La presse s’est récemment fait l’écho d’enquêtes en cours sur des fonds d’investissement spécialisés en autographes et livres anciens commercialisés par la société Aristophil. Le Syndicat national de la Librairie Ancienne et Moderne (SLAM) tient à rappeler qu’il a, dès l’origine puis à de multiples reprises, tenté par l’intermédiaire de la presse ou de ses propres canaux d’information de mettre en garde le public et ses adhérents contre de telles propositions financières. Un marché de niche atypique, c’est à dire non surveillé par l’AMF, ne peut répondre à des schémas classiques de fonds d’investissement.
Le code de déontologie du SLAM et de la Ligue Internationale de la Librairie Ancienne (LILA) condamne depuis toujours la spéculation comme argument de vente pour une spécialité culturelle qui s’adresse avant tout à des collectionneurs et à des chercheurs.
Anne Lamort
Présidente
« .  C’est extrêmement délicat, c’est difficile, d’autant que certains membres du SLAM seront potentiellement concernés par les développements de l’histoire, mais c’est vital pour continuer à faire connaître et aimer le livre ancien. C’est le rôle d’un syndicat professionnel de s’exprimer sur ces sujets, de défendre ses membres et son industrie. Des amateurs ont forcément vendu ou acheté des livres via les acteurs cités, et je ne parle pas seulement d’Aristophil. Pour certains, il est vraisemblable que cela a un goût amer. Du reste, quand on relit la définition du SLAM sur son site internet, la prise de position est légitime. 
 Le Syndicat National de la Librairie Ancienne et Moderne (SLAM) créé en 1914, est l’une des plus importantes et anciennes Associations de libraires de livres anciens au monde, précédée seulement par l’Association Britannique le ABA fondé en 1906. Une de ses vocations est de faire connaître au public le monde du livre ancien. Il est le seul représentant de la librairie ancienne en France. Ses interventions sont nombreuses tant auprès des pouvoirs publics qu’auprès des organismes privés et des libraires. Ses actions sont également nombreuses pour la promotion de la librairie et la connaissance du livre. Il regroupe près de 250 libraires, marchands d’autographes et d’estampes, dont la compétence et la probité sont attestées par des conditions d’admission difficiles. Tous vous garantissent : – Compétence et connaissance
– L’authenticité des livres, manuscrits et autographes
– Honnêteté et professionnalisme
, et de bons rapports commerciaux partout à travers le monde.
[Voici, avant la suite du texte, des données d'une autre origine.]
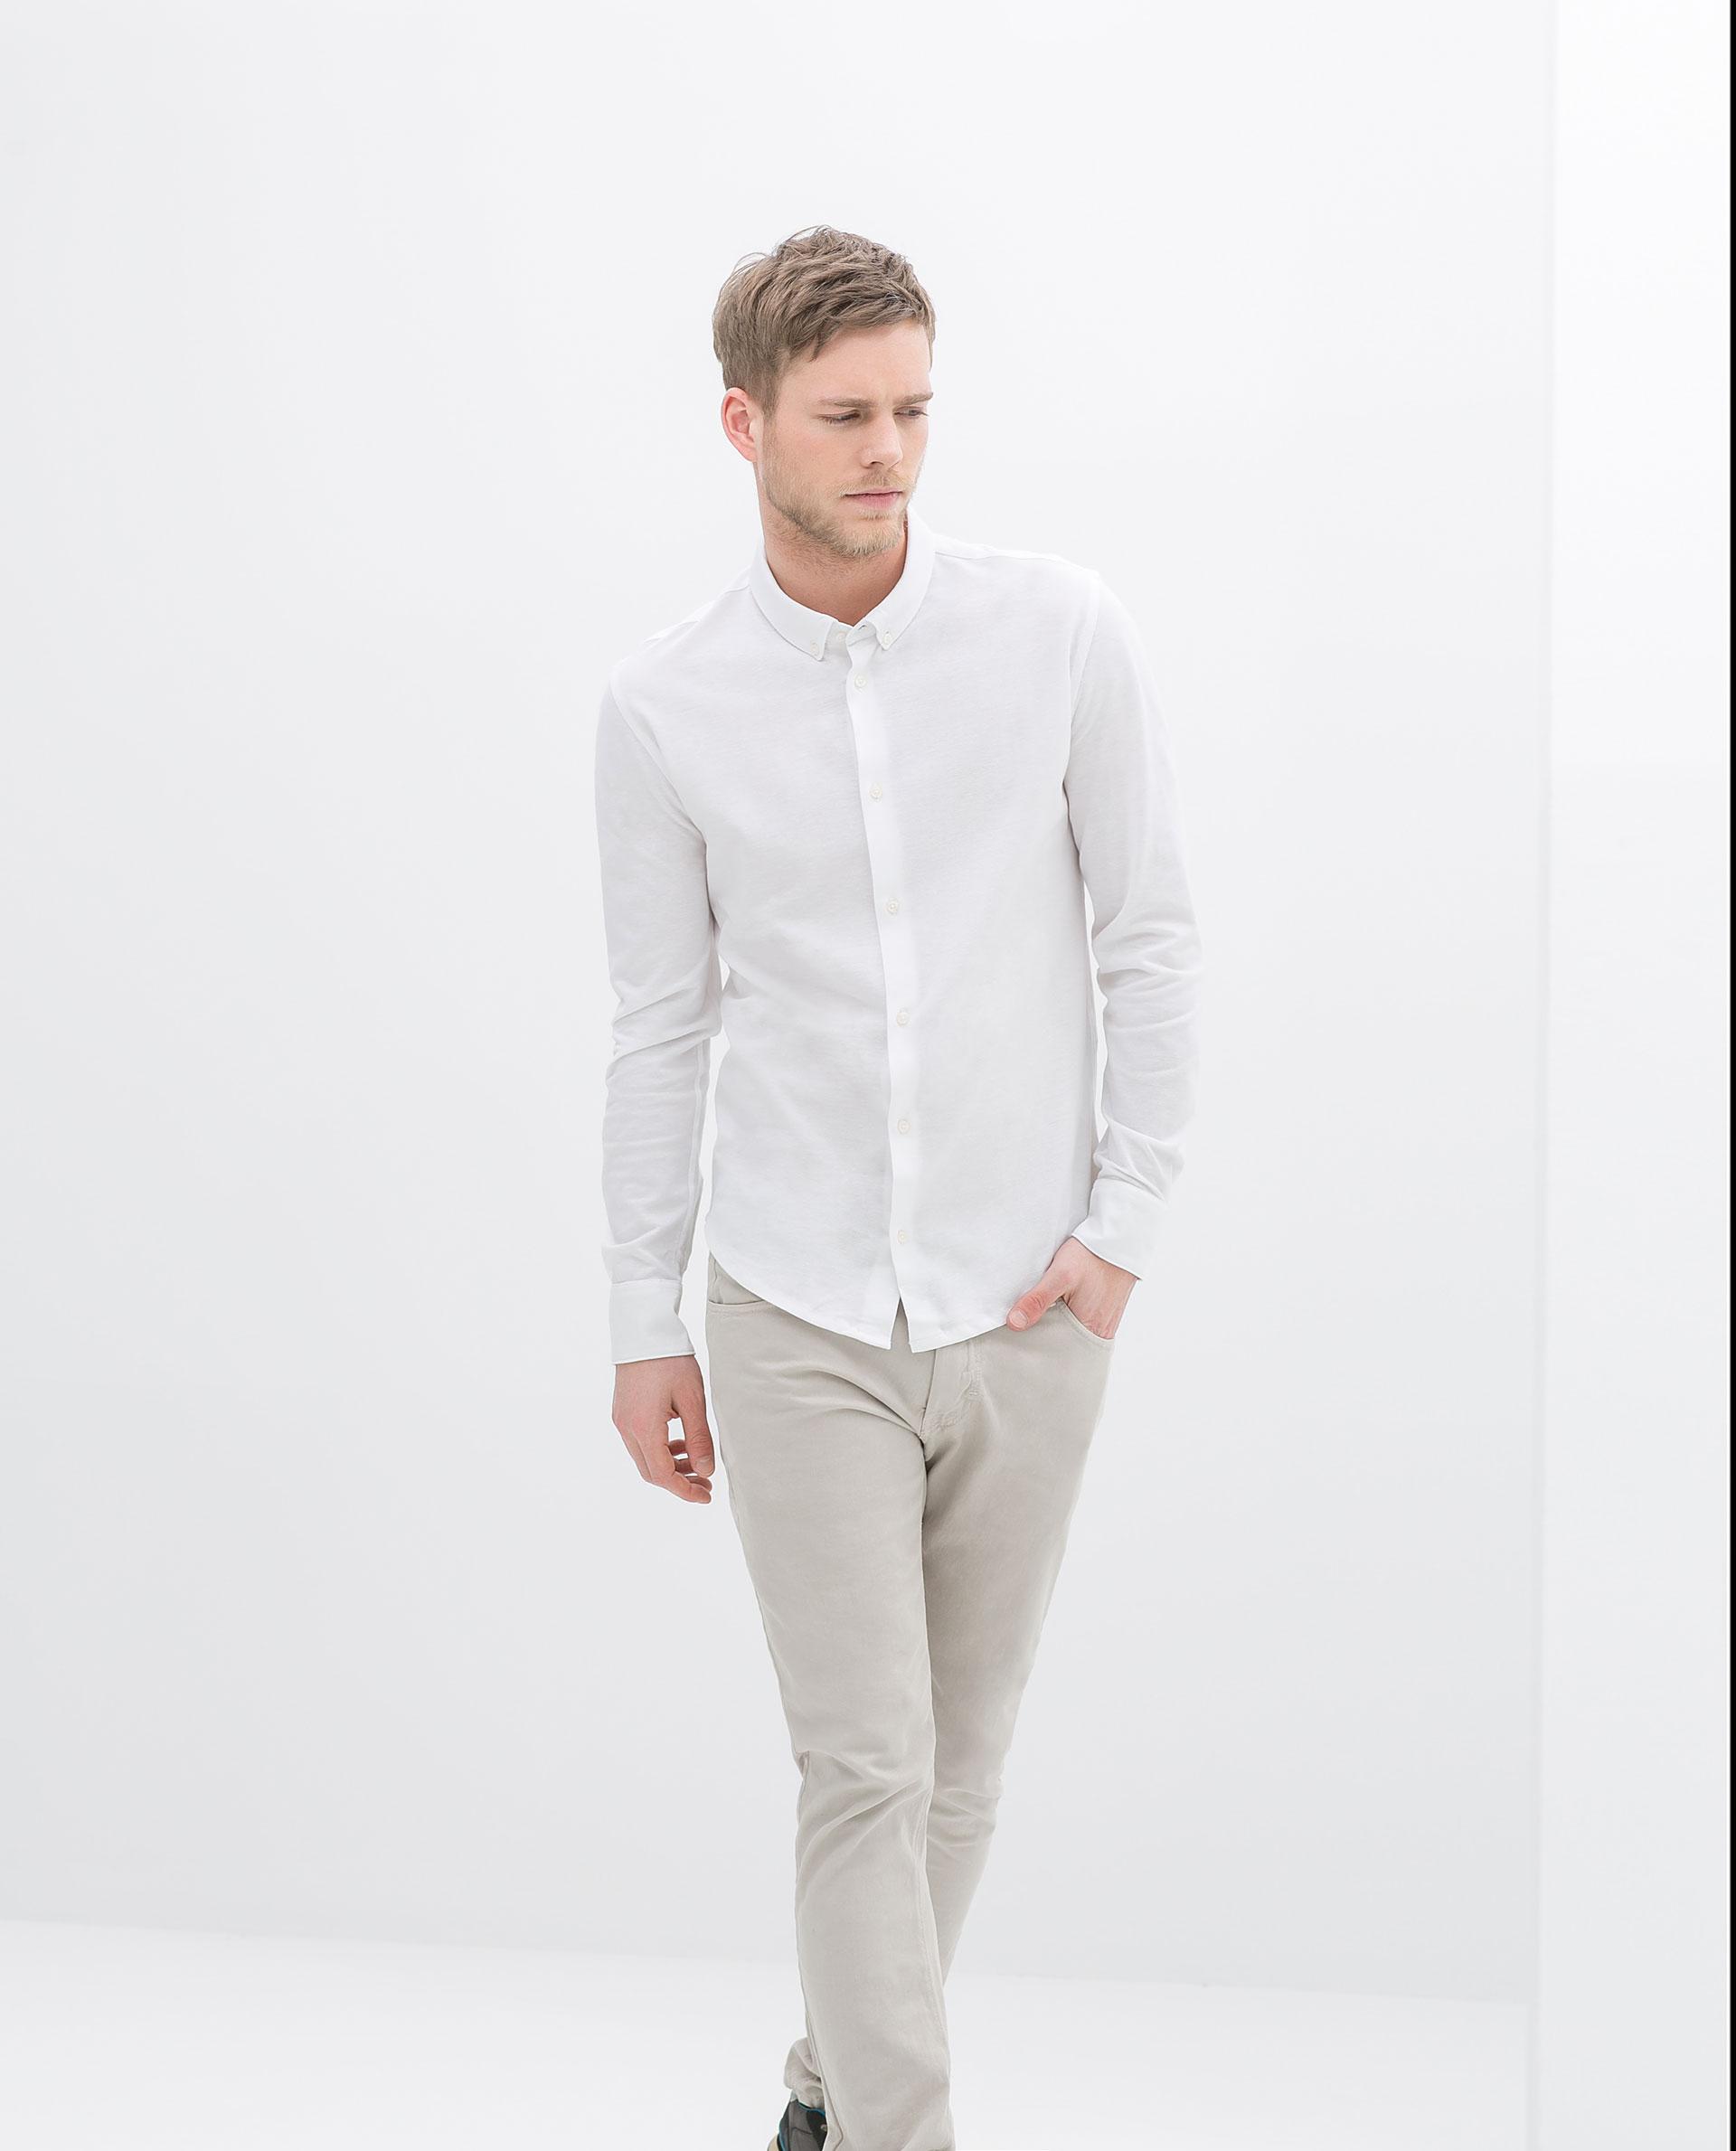 Moncler sale mens shirts zara for Zara mens shirts sale

Experts dans leurs domaines, ils assurent le maintien de la tradition bibliophilique et préparent la bibliophilie de demain. Ils sont le rouage essentiel de la connaissance et de la préservation du patrimoine. Ils vous conseillent dans vos achats ainsi que pour la valorisation ou la vente de votre bibliothèque. Leurs catalogues de vente sont également des outils bibliographiques précieux. Les mots clefs de cette affaire (Tracfin, Ponzi, expert, saisie, librairie perquisitionnée, Sade volé à la famille de Noailles et acquis par Aristophil, documents de De Gaulle réclamés par les Archives Nationales), avérés ou pas, jettent forcément un discrédit sur ce marché et une partie de ses acteurs. C’est très triste. Il est bon que le SLAM réagisse enfin et il me tarde de voir quelles seront les applications pratiques de cette prise de position. Les moyens sont nombreux, et c’est ce qu’on attend d’un syndicat professionnel: campagne de publicité, lobbying, exposition, conférences, non pas sur le sujet mais sur celui qui nous passionne, le Livre. Non pas s’exprimer sur ce qui secoue le microcosme et même plus, mais justement ramener l’amour du livre à ses fondamentaux.  H

12 Commentaires

  1. Encore mieux :
    on peut s'inscrire. Avec les questions de vérification, du genre "prénom du fondateur d'Aristophil", "année de création", etc.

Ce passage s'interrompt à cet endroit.